Iwm state is encoded in the Iwm structure.

	drive525[2]: Disk structure for each 5.25" disk in slot 6
	drive35[2]: Disk structure for each 3.5" disk in slot 5
	smarport[32]: Disk structure for each "smartport" device emulated
		via slot 7 (see smartport.c)
	motor_on:  True if IWM motor_on signal (c0e9) is asserted.  Some
		drive is on.
	motor_off: True if motor has been turned off in software, but the
			1 second timeout has not expired yet.
	motor_on35: True if 3.5" motor is on (controlled differently than
			5.25" c0e9).
	motor_off_vbl_count:  VBL count to turn motor off.
	head35, step_direction35: 3.5" controls.
	iwm_phase[4]: Has '1' for each 5.25" phase that is on.
	iwm_mode:	IWM mode register.
	drive_select: 0 = drive 1, 1 = drive 2.
	q6, q7:	IWM q6, q7 registers.
	enable2:	Smartport /ENABLE2 asserted.
	reset:		Smartport /RESET asserted.
	write_val: Value written to the disk data latch, will be written
		after 8 bit times has passed.
	qbit_wr_start: Qbit position when writes started, a large value if
		not doing a write currently.
	qbit_wr_last: Qbit position where write_val should go.
	forced_sync_qbit: Overrides the calculated sync_bits temporarily, and
		forces this to be the qbit of the next sync byte.

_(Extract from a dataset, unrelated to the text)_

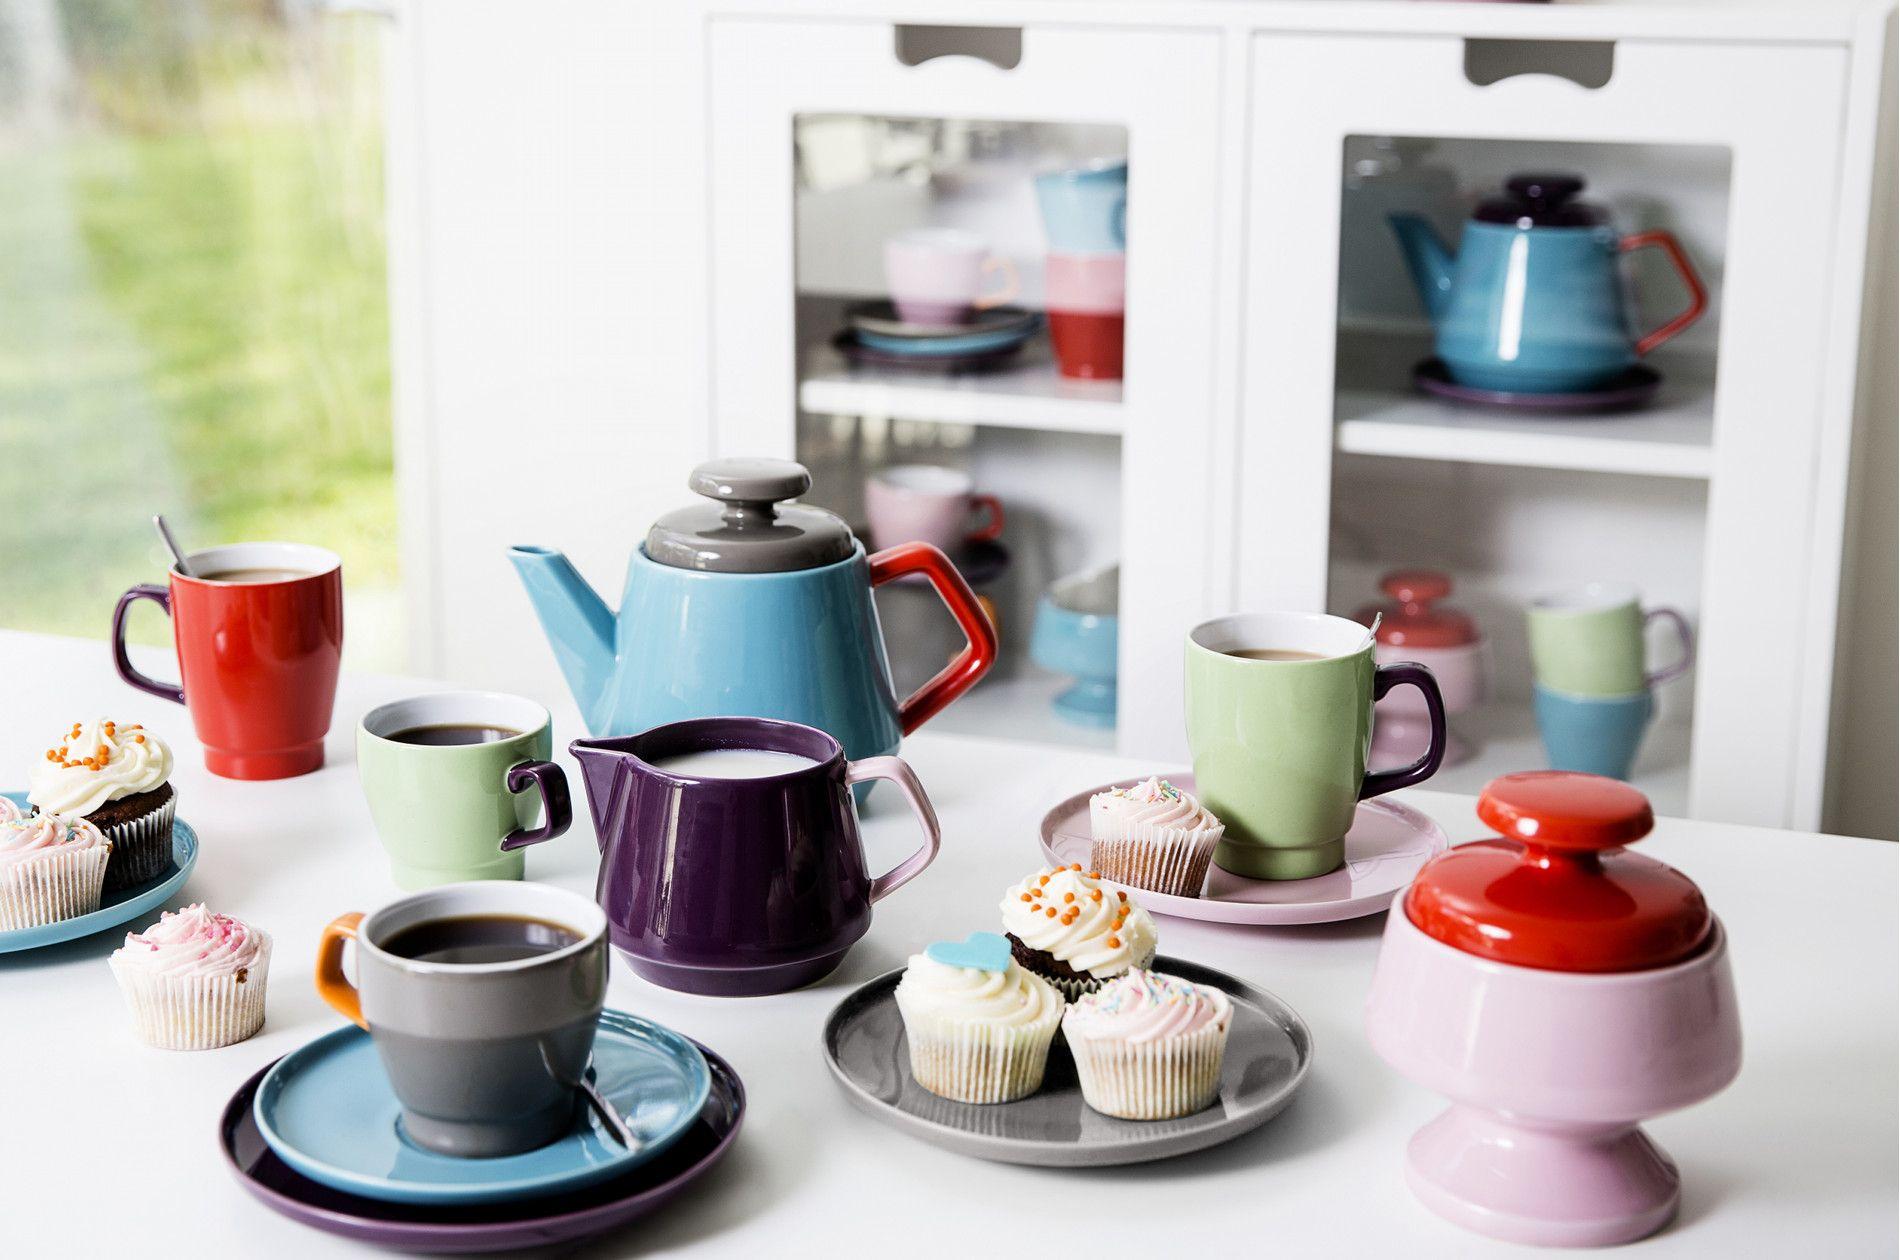 Skandinavisches Porzellan pin cookionista auf interieur porzellan geschirr

Each disk (3.5" and 5.25") is encoded in the Disk struct:
	dycs_last_read: Time (in 1MHz cycles) when last access occurred.
	fd:	Unix file descriptor.  If < 0, no disk.
	raw_data: For an image from a .zip file, this is a pointer to the
		raw disk data.  fd will be 0 when this is valid.
	name_ptr: Unix file name for this disk.
	partition_name: .zip file name.
	raw_dsize: size of raw_data
	dimage_start: offset from beginning of file for this partition (0 if
			not a partition or zip file entry).
	dimage_size: size of this partition.
	smartport: 1 if this is a smartport image, 0 if it is 5.25" or 3.5"
	disk_525: 1 if this is a 5.25" image, 0 if it is 3.5"
	drive: 0 = drive 1, 1 = drive 2.
	cur_qtr_track:	Current qtr track.  So track 1 == qtr_track 4.
		For 3.5", there are no half-tracks or quarter tracks, so
		cur_qtr_track encodes the (track << 1) + side.
	vol_num:	DOS 3.3 volume number to use.  Generally 254.
	write_prot:	True if disk is write protected.
	write_through_to_unix: True if writes should be passed through to
			the unix image.  If this is false, you can write
			to the image in memory, but it won't get reflected
			into the Unix file.  
	disk_dirty:	Some track has dirty data that need to be flushed.
	just_ejected:	Ejection flag.
	last_phase:	Phase number last accessed.
	cur_qbit_pos:	Qbit position for reading.
	cur_track_qbits: Number of qbits on this track.
	num_tracks:	Number of tracks: 140 for 5.25" (it counts quarter-
			tracks) and 160 for 3.5" (80 tracks on 2 sides)
	*trks: pointer to array of raw Track data
	*cur_trk_ptr:  Pointer to the current track

Each track is represented by the Trk structure:
	*raw_bptr:	Pointer to the raw disk data.
	*sync_ptr:	Pointer to the sync values for each byte.
	dunix_pos:	Offset into disk image for this track data.
	unix_len:	always 4096 for 5.25" disks, variable for 3.5" disks
	track_qbits:	Length of raw_bptr in qbits.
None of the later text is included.